From data to large model application, on November 25th, Hangzhou Yuanchuang Conference was held to share development tips.

0.Write in front

"xx, R's response to multi-machine training is slow, please take a look at what's going on."

"xxx, why is the network training of xxx slowed down after the MGE update? Please take a look."

This is a daily conversation within the group

Then someone takes the blame every day

Is the status of the team members: improving performance, improving performance, or TMD improving performance?

According to incomplete statistics, 80% of performance problems are actually due to the fact that the training code is not written well enough, which makes MGE unable to use it effectively.

Including but not limited to the following situations

1) fast_run is not enabled

2) Frequently use numpy for synchronization

3) Do not use make_allreduce_cb, let the calculation communication be serial

4）。。。

After doing it many times, I found that this thing takes too much time, and the steps are the same every time. Why do I have to do it, so I wrote this article to summarize it for everyone's convenience and for my own convenience.

1.Profiler introduction

First we need to understand the Profiler thing

Simply put, Profiler records the running time of all operators in the form of a timeline

Through the Profile results, we can quickly find out why this code runs slowly.

Did you do extra work? Or is it a waste of computing resources? Or the performance of the operator itself is very poor and needs to be replaced with another operator.

This is a simple profile result display

In most cases, we only focus on gpu threads. Each gpu thread corresponds to a cuda stream, and the above are all operators running on this cuda stream.

2. How to use

PS: The statistical information of static images is not perfect enough (affected by graph optimization), and the profile results are not friendly enough compared to dynamic images.

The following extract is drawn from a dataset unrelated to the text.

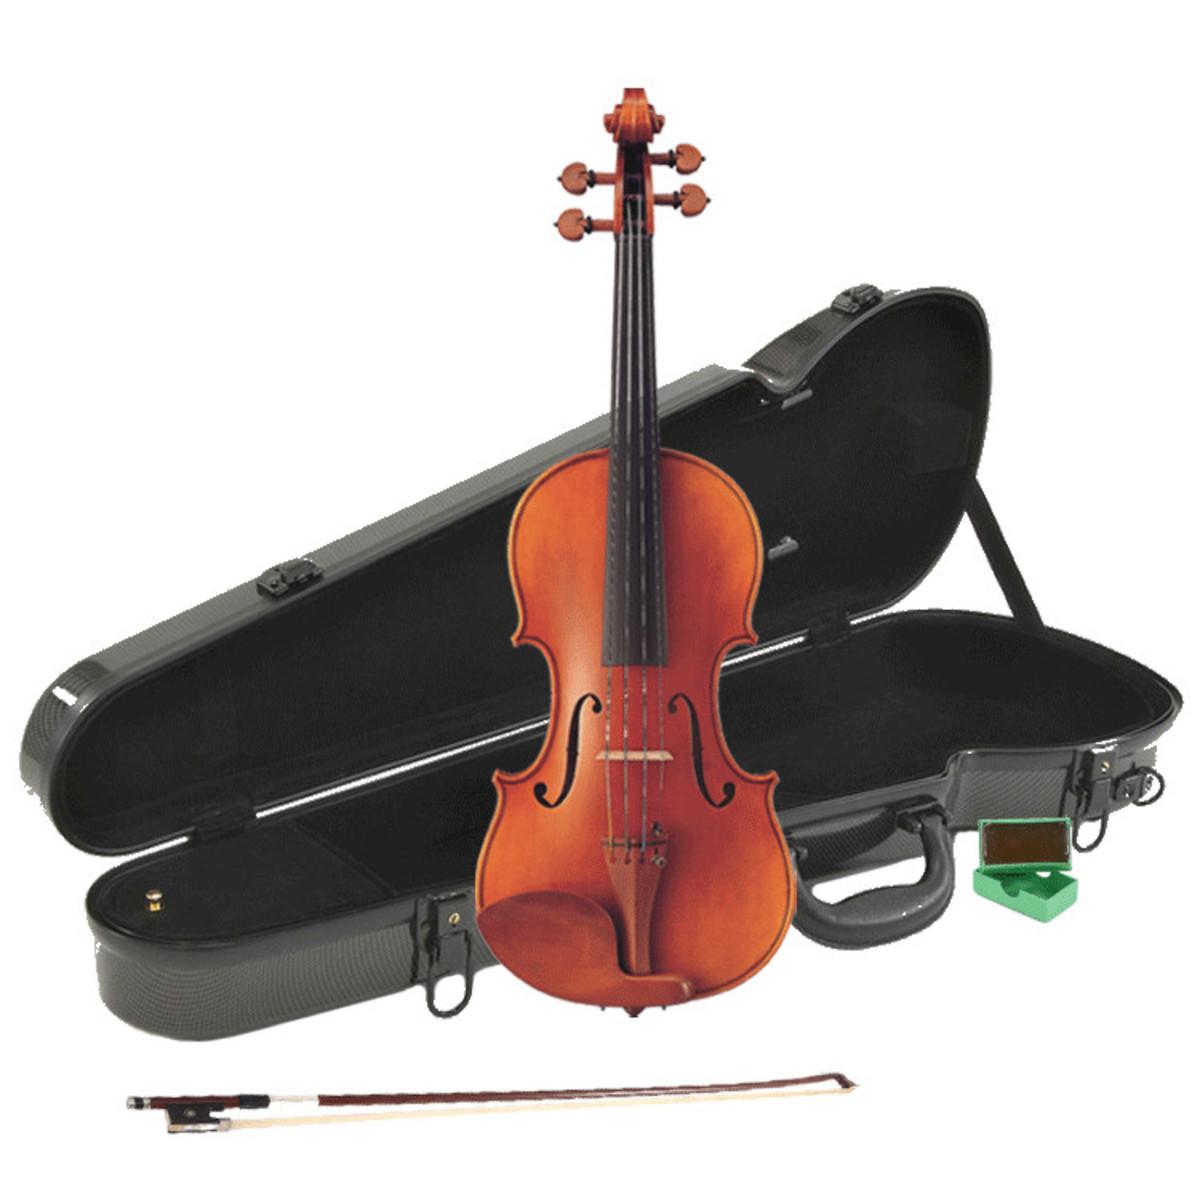 Yamaha v20g intermediate violin 4 4 package deal at for Violin yamaha 4 4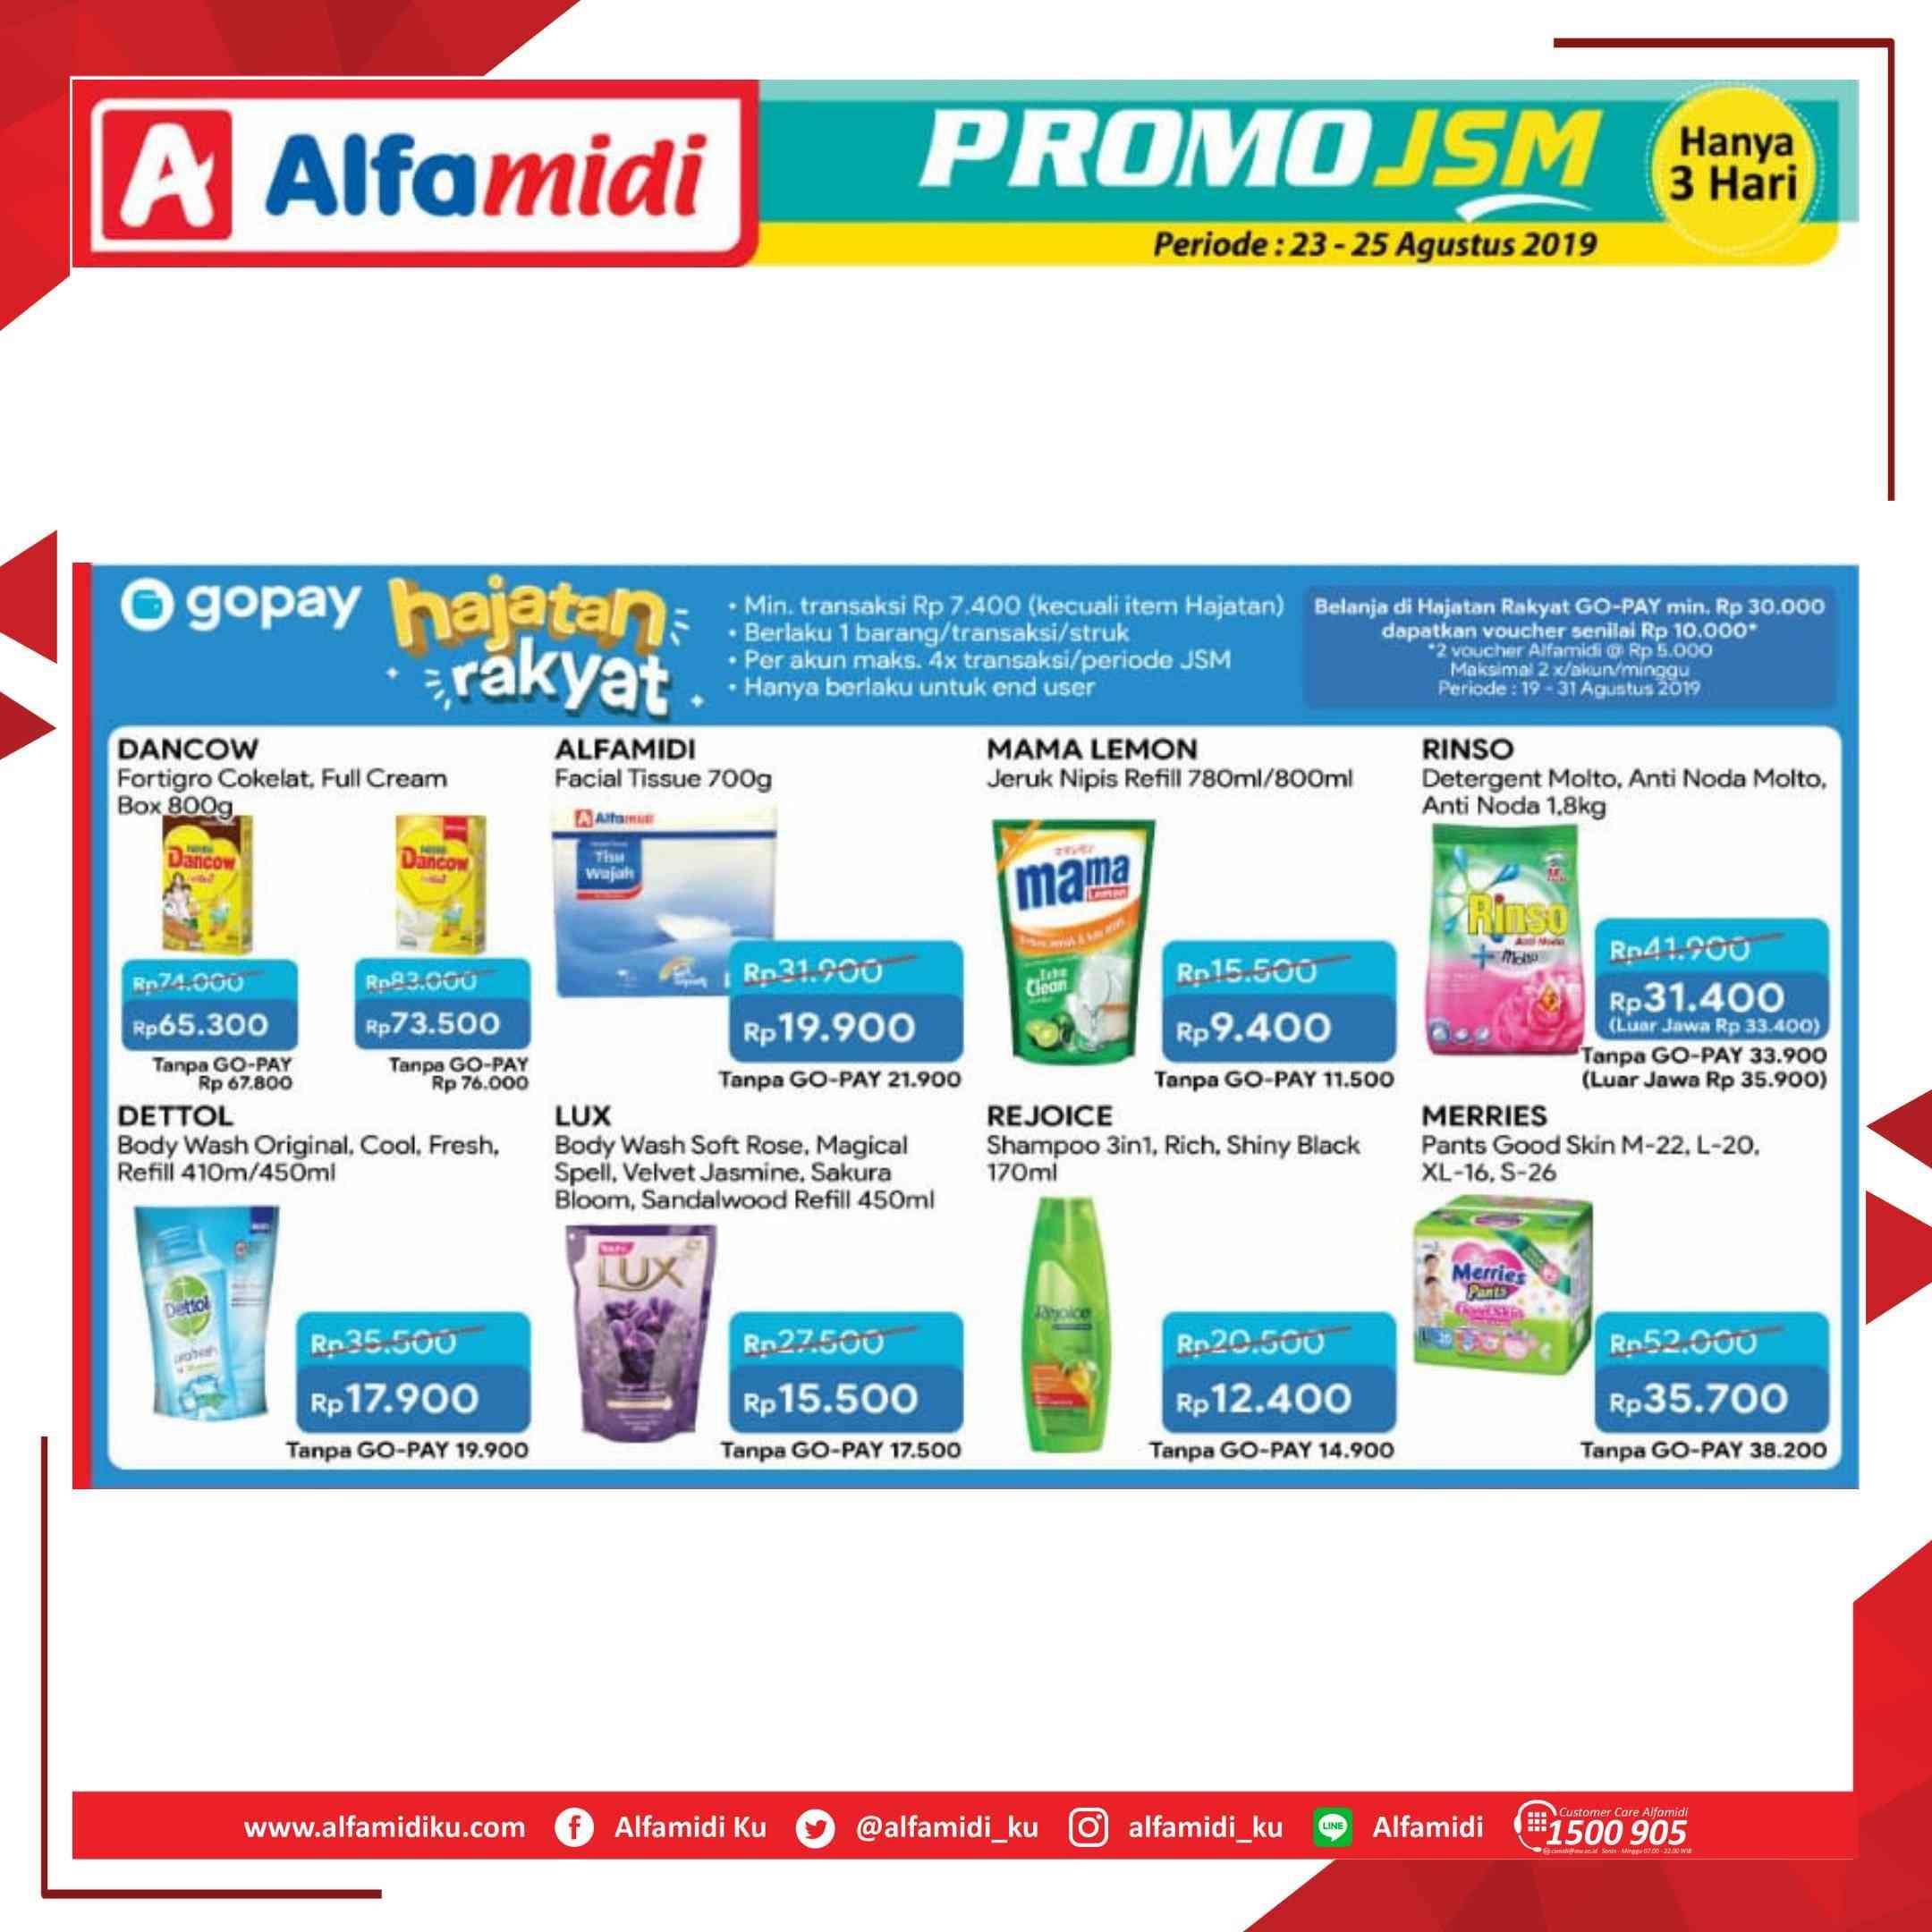 Promo diskon Katalog ALFAMIDI JSM (Jumat-Sabtu-Minggu) periode 23-25 Agustus 2019

from megengine.utils.profiler import profile, Profiler
 
# 装饰器写法
@profile()
def train_step(data, label, *, optimizer, gm, model)
    with gm:
        logits = model(data)
        loss = F.loss.cross_entropy(logits, label)
        gm.backward(loss)
        optimizer.step().clear_grad()
    return loss
 
# with 写法
# 训练过程中最好只有一个profiler实例，因为profiler会在析构时自动dump出结果，如果有多个实例的话每个iter都会dump，非常慢
profiler = Profiler()
 
def train_step(data, label, *, optimizer, gm, model)
    with profiler:
       with gm:
           logits = model(data)
           loss = F.loss.cross_entropy(logits, label)
           gm.backward(loss)
           optimizer.step().clear_grad()
    return loss

⚠️Note that profiler will export the profile results during destruction by default. You can also manually call the profiler.dump method to dump manually.

Parameter Description:

Profiler The constructor supports the following parameters:

path: The storage path of profile data, which defaults to the profile folder under the current path.
format: The format of the output data, the default is chrome_timeline.json, which is a standard format supported by Chrome and displays profiling results in the form of a timeline. There is also memory_flow.svg as an option, which displays memory usage in the form of time x address space. Condition.
formats: If more than one output format is required, it can be listed in the formats parameter.
sample_rate: If this item is not zero, the video memory information will be counted every n ops, and the video memory usage curve can be drawn when analyzing the data. The default is 0.
profile_device: Whether to record gpu time consumption, the default is True.
with_scopes: Whether to additionally record the scope corresponding to python API such as functional/tensor method, the default is False.
with_backtrace: Whether to record the python call stack corresponding to the op/event. The default is False. Turning it on will increase the size of the recorded data file.

Scope usage introduction

We will automatically add scope to the forward, backward and step steps of the module. The scope will be displayed on the host thread, and you can see which module the op belongs to and which stage.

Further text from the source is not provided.